Given information
■ ■ ■ ■ ■

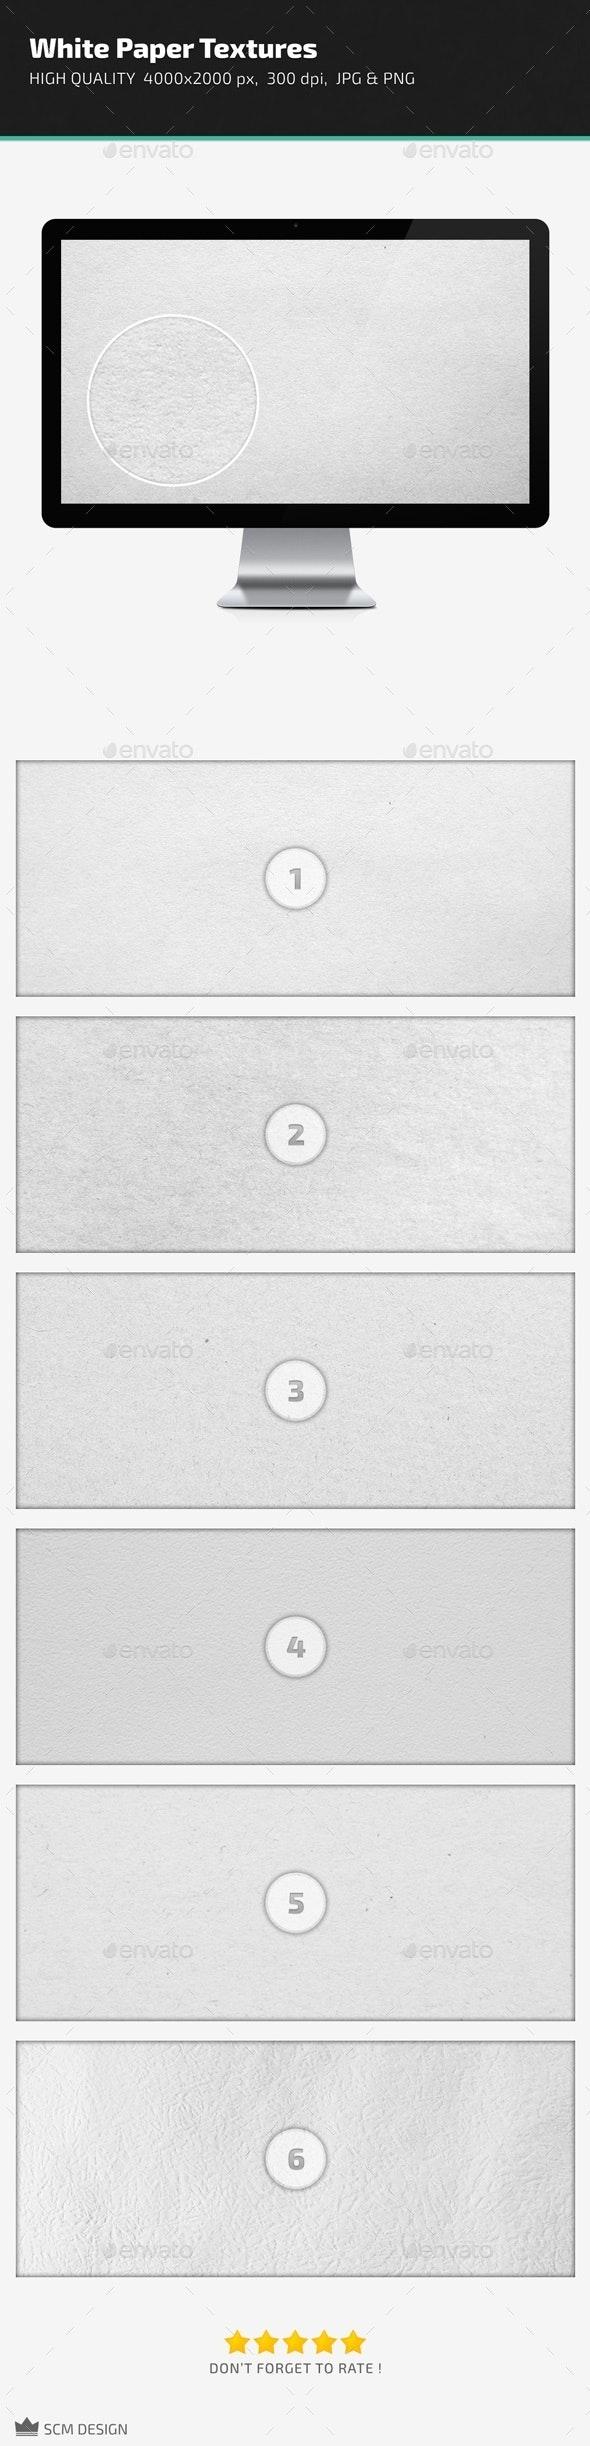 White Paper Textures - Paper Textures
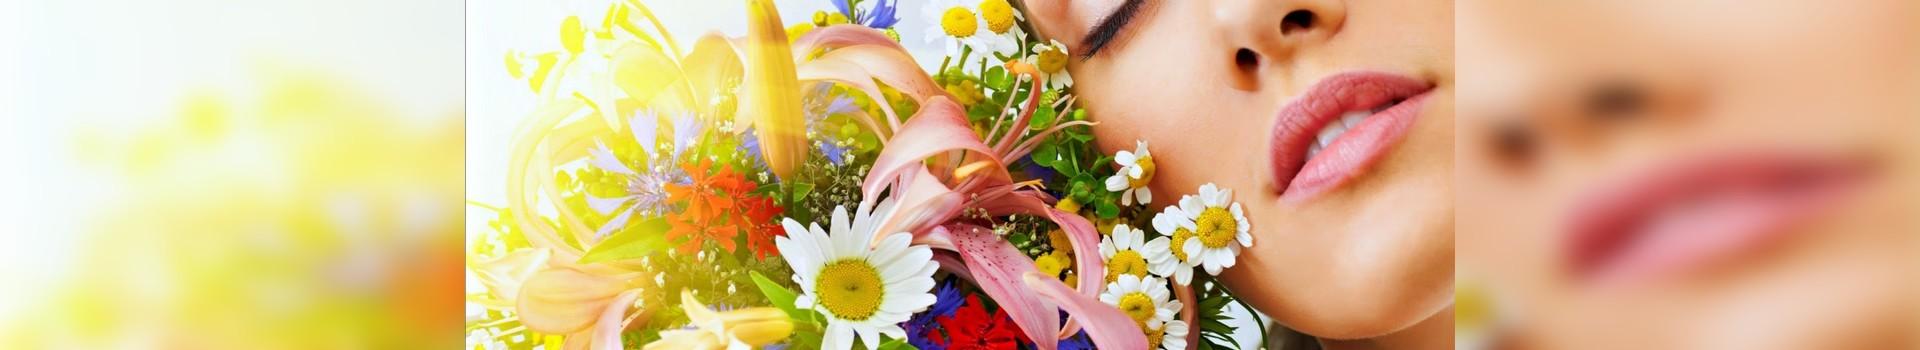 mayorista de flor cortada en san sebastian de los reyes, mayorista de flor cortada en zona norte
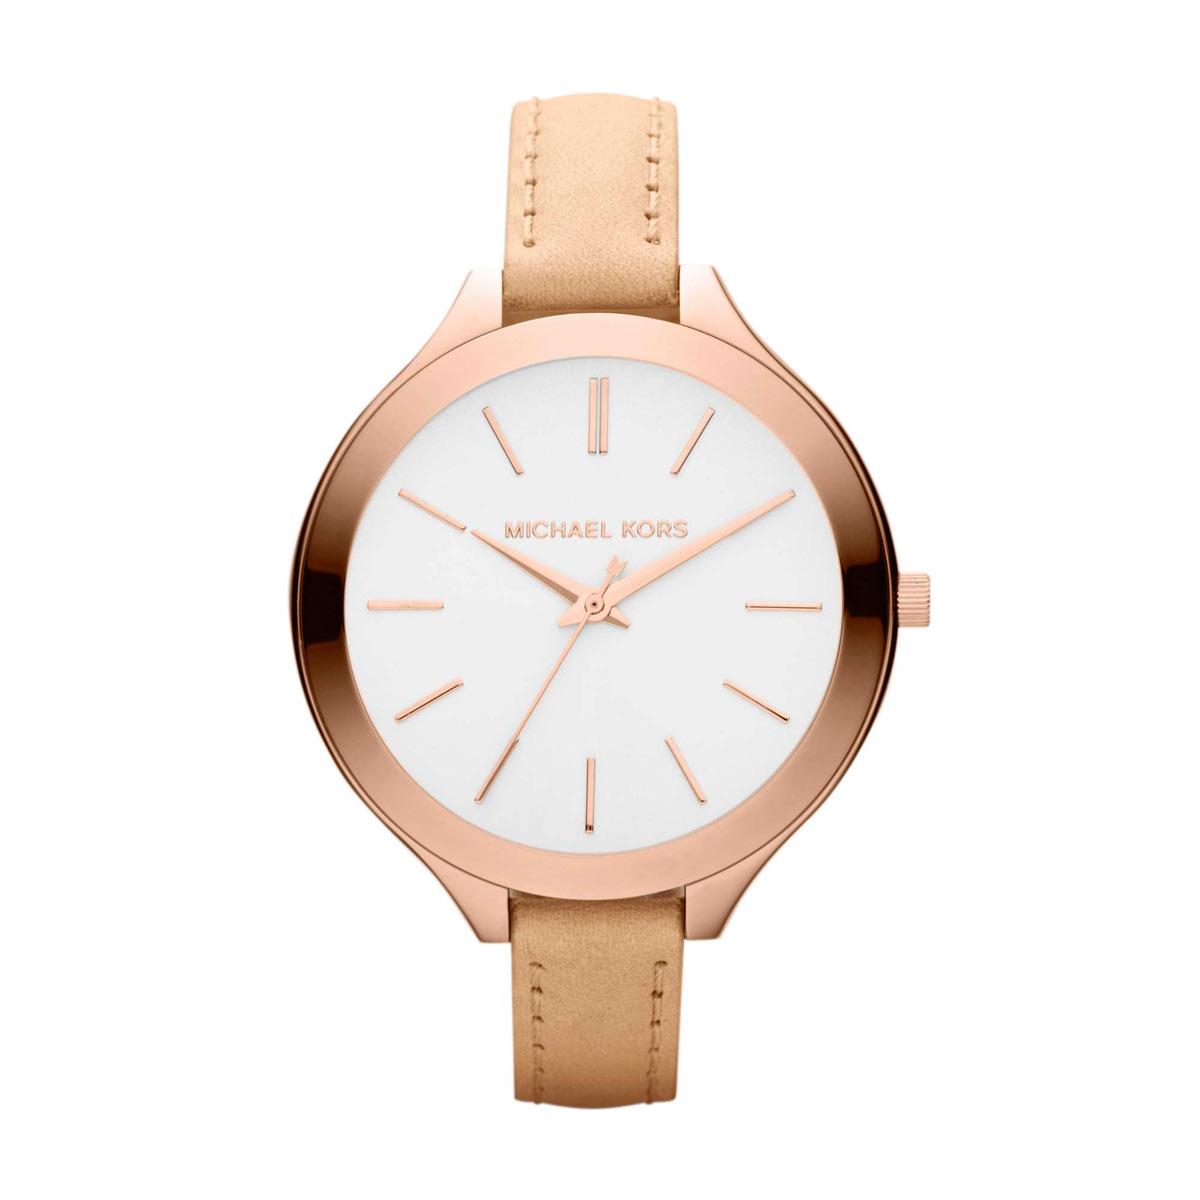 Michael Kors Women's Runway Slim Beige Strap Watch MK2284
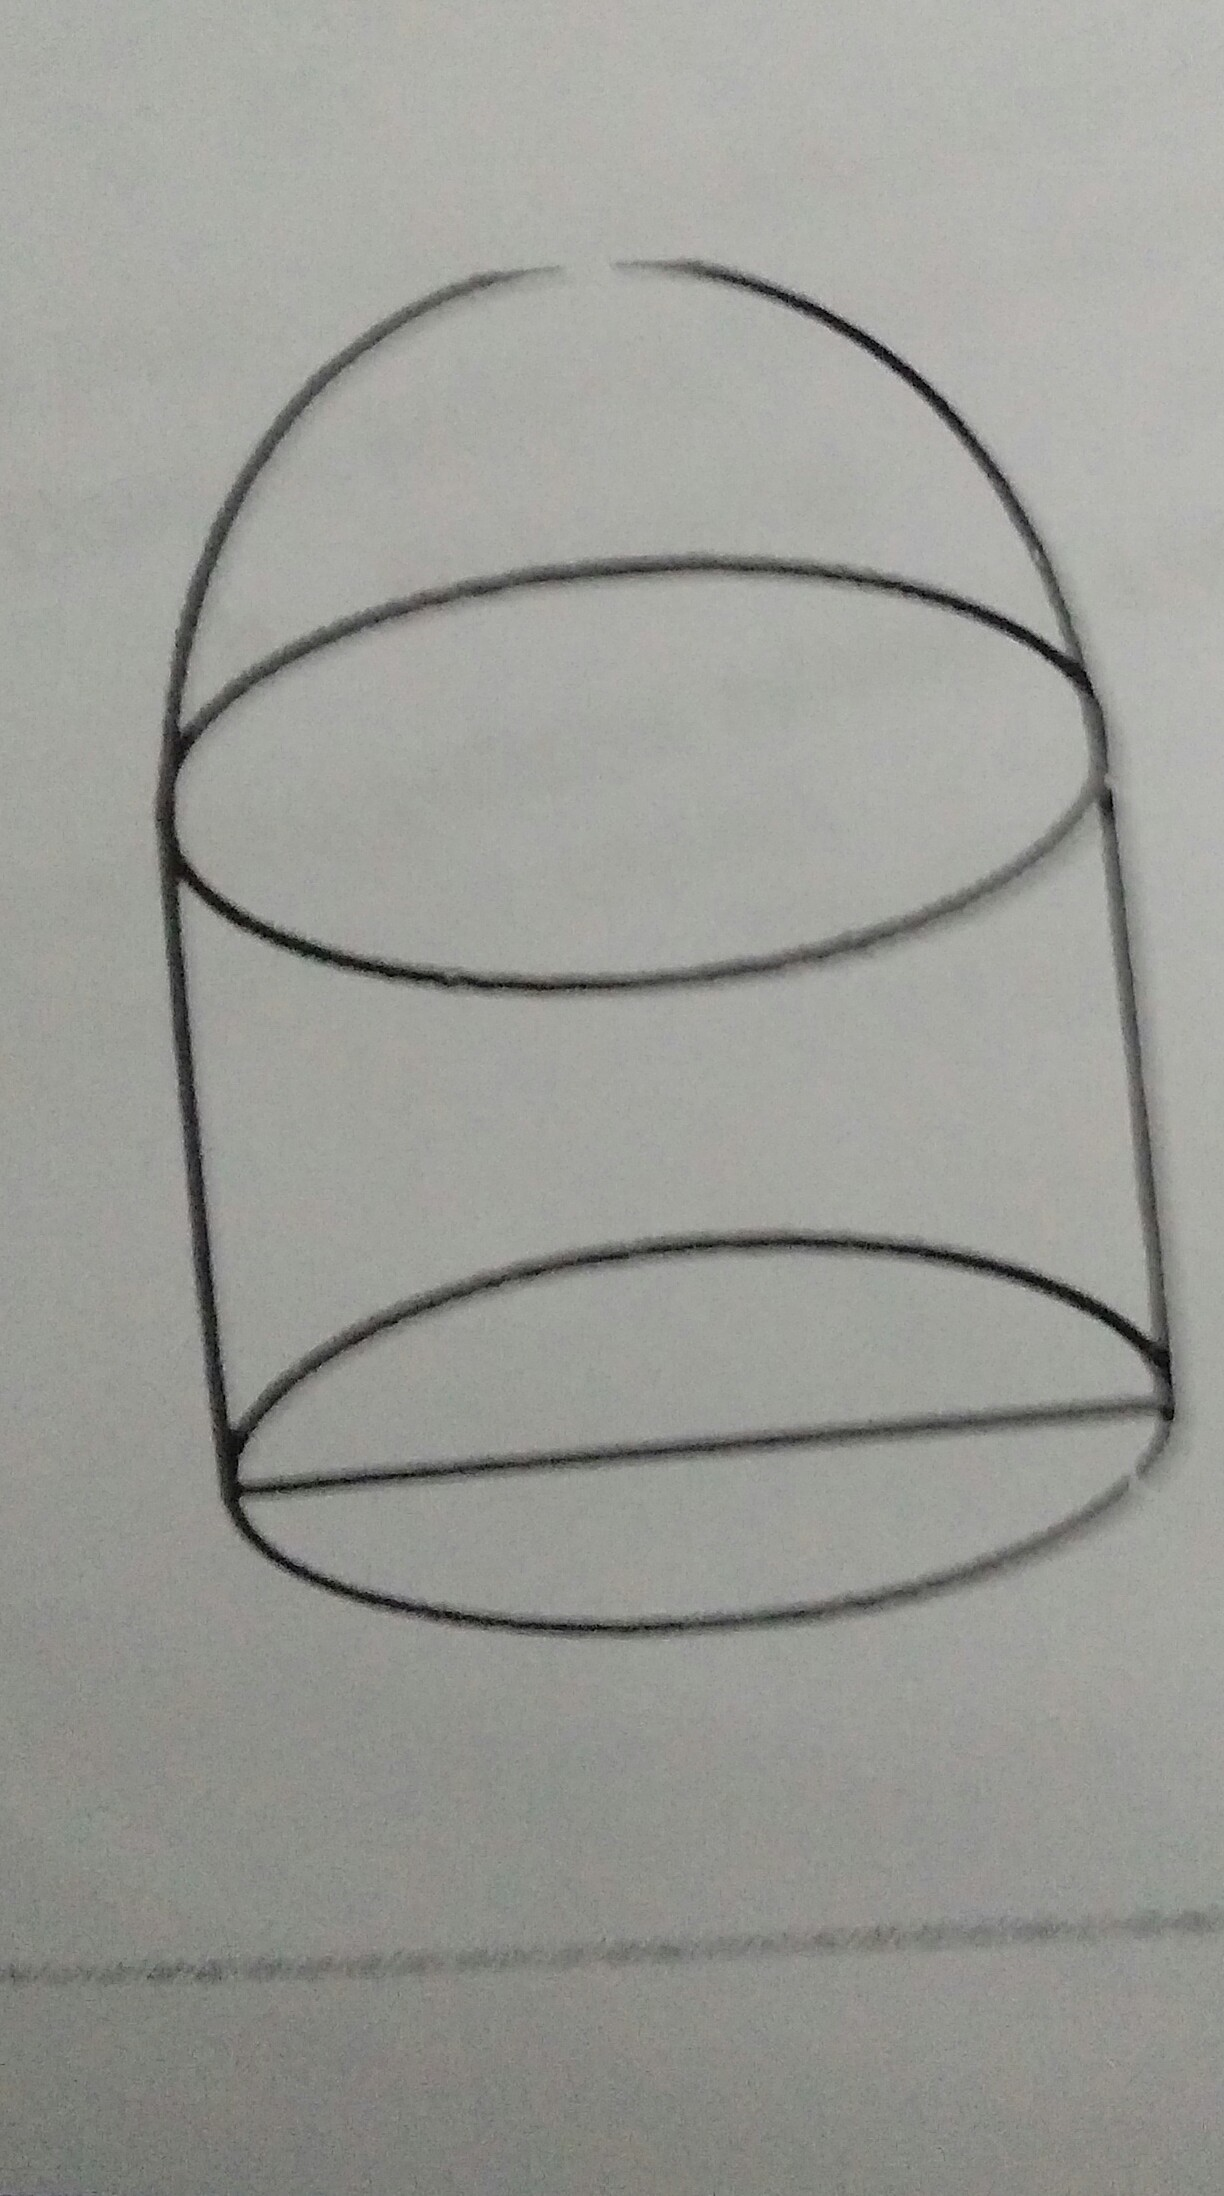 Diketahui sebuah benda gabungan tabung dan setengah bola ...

■ ■ ■ ■ ■

Exercise
Once the line containing "Michael Kors Women's" is found, transcribe it and the rest of the lines to the end of the listing above exactly, omitting all pictures.

Response to the exercise
 Michael Kors Women's Runway Slim Beige Strap Watch MK2284
 Diketahui sebuah benda gabungan tabung dan setengah bola ...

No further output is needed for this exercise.